本連載では、ビジネスで活用できそうな経営学理論や重要なキーワードをご紹介しております。

今回は、M&A契約においてよく登場する重要条項について解説していきます。
様々な条項があるため、前編と後編に分けて解説していきますが、本記事は「後編」でございます。

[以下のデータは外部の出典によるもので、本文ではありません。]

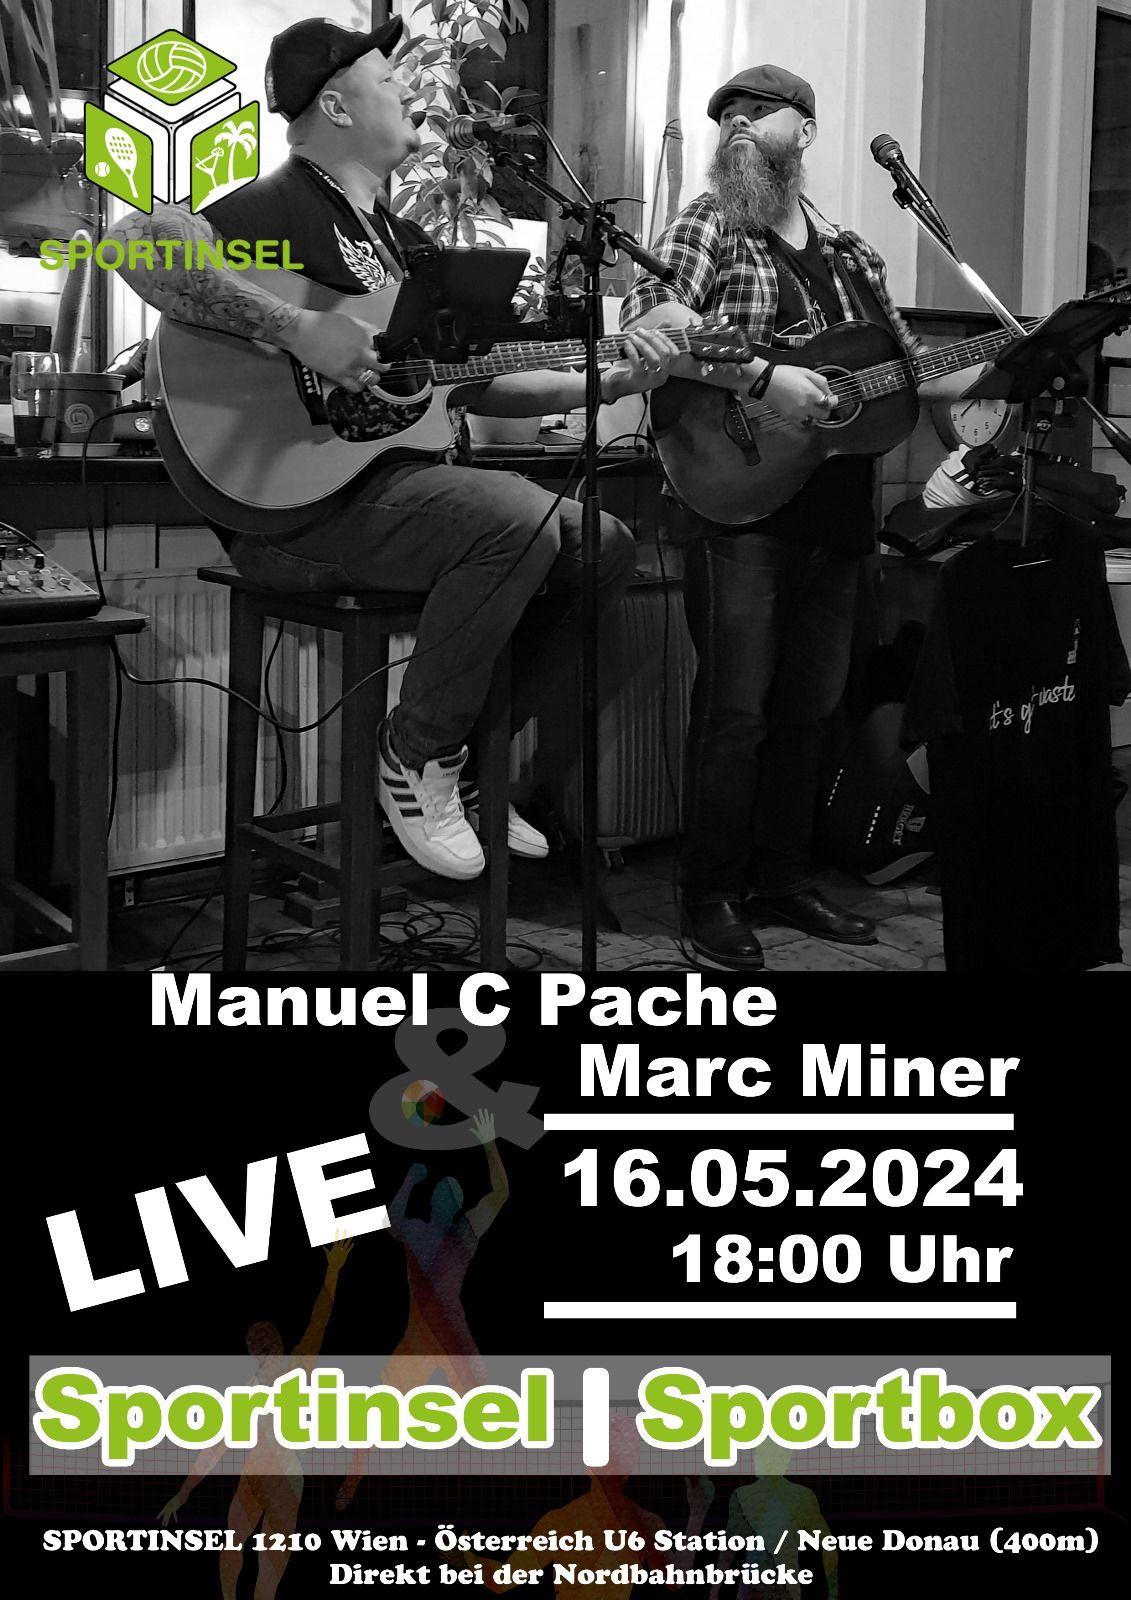 LIVE: Manuel C. Pache & Marc Miner at LAOLA 1 Sportinsel Donauinsel

なお、本記事で使う用語は、以下の定義で使用しています。

  • 売手:M&Aの売手
  • 買手:M&Aの買手
  • 対象会社:M&Aの対象となっている法人のこと
  • M&A契約:株式譲渡契約を想定しています

1.ロックドボックス条項と価格調整条項

まずはロックドボックス条項と価格調整条項について解説いたします。

この2つは、いずれもM&Aの対価に関する条項ですが、意味が正反対なので、案件に応じて上手に使いこなさないといけない条項です。

(1)ロックドボックス条項とは

ロックドボックス条項とは、M&Aの対価の決定方法の一種で、一定の基準日時点における対象会社の財務数値等をベースとして算定された対価を固定価格として確定させ、後々の調整を行わないという取り決めを定めた規定です。
要するに、特定の時点で価格を確定させて、割引や増額を一切しませんという合意です。

そもそもM&Aという行為は、契約の締結時点と実際の引き渡し時点(クロージング日)に時間的な開きがあります。
例えば、M&A契約自体は5月1日に締結されているのに、実際の引き渡しはその半年後ということがあるのです。
なぜなら、M&A契約の締結が完了した後に対象会社で株主総会を開いたり、債権者保護手続等を行ったり、社内の従業員に説明したりといろいろなことをしないといけないからです。
それらの手続には時間がかかるので、通常は2~6ヶ月程度の準備期間が発生してしまいます。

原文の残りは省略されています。